Ils soutiennent qu’il résulte de cette faute l’ayant privée du taux initialement accordé, pour la SCI MONDESIR SANTE, un préjudice économique correspondant à la différence du coût que représente un crédit au taux de 0,70% avec celui au taux de 1,64%. Ils ajoutent que cette faute occasionne pour messieurs [W] et [C] un préjudice moral constitué par les inquiétudes et contrariétés subies en ce qu’ils ont œuvré, des mois durant pour finaliser leur projet sur la base des conditions financières initiales jamais démenties pour se voir finalement contraint d’accepter des conditions plus défavorables, la confiance en leur conseiller s’en étant trouvée bafouée.

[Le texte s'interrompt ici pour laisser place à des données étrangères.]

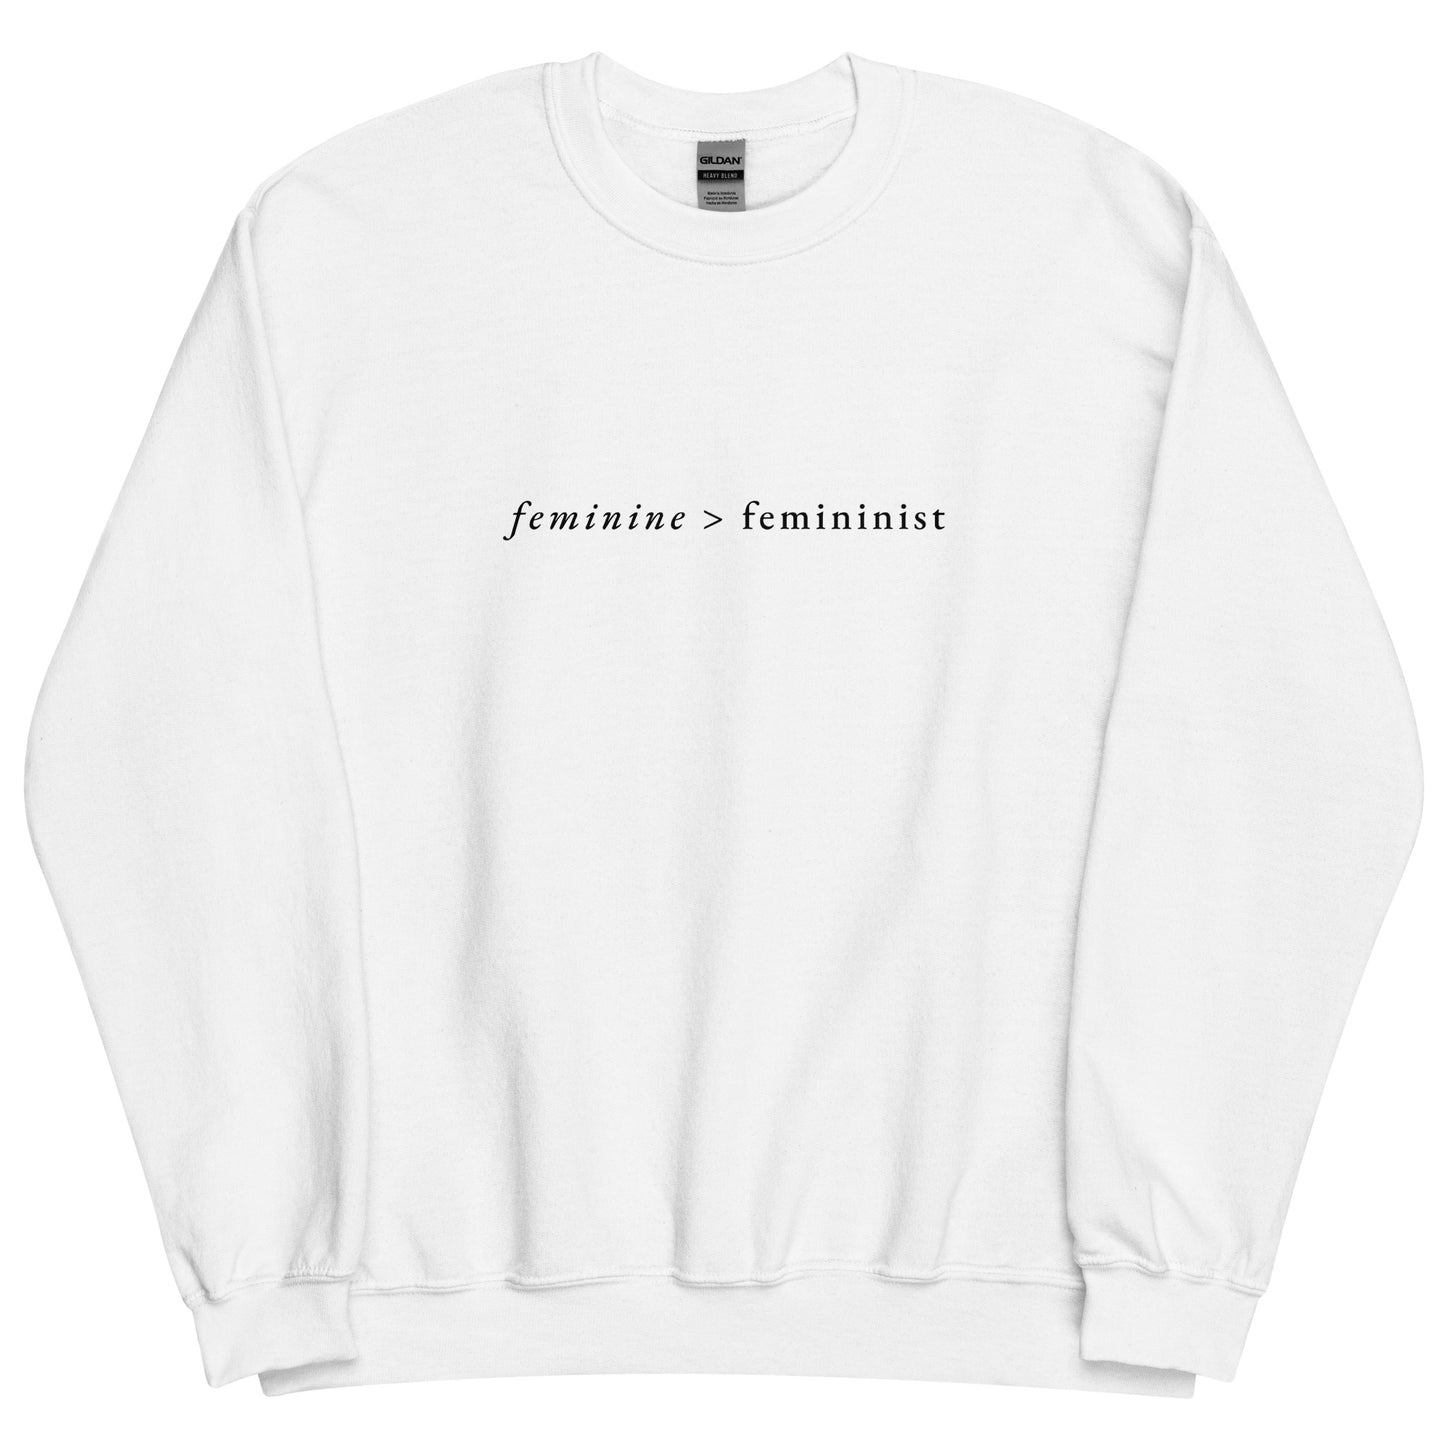 Feminine > Feminist White Sweatshirt

En réponse à la demande indemnitaire formée par la SA BANQUE POSTALE pour procédure abusive et dilatoire, la SCI MONDESIR SANTE, messieurs [W] et [C] font valoir que celle-ci, ne fonde pas en droit sa demande, et ne démontre aucun abus de droit dans leur action, celle-ci ne pouvant valablement soutenir avoir respecté son obligation de loyauté dans la négociation précontractuelle au regard des éléments précédemment développés, le fait qu’ils aient finalement pu réitérer la vente le 12 janvier 2023 n’enlevant rien au comportement fautif de la banque lors de la souscription du prêt. Ils ajoutent que s’ils avaient indiqué qu’ils ne formeraient aucun recours, ce n’est que sur demande impérative de leur établissement bancaire formulée le 26 décembre 2022, 17 jours avant la date prévue de réitération de la vente, sous menace d’un refus de régularisation de l’offre de prêt.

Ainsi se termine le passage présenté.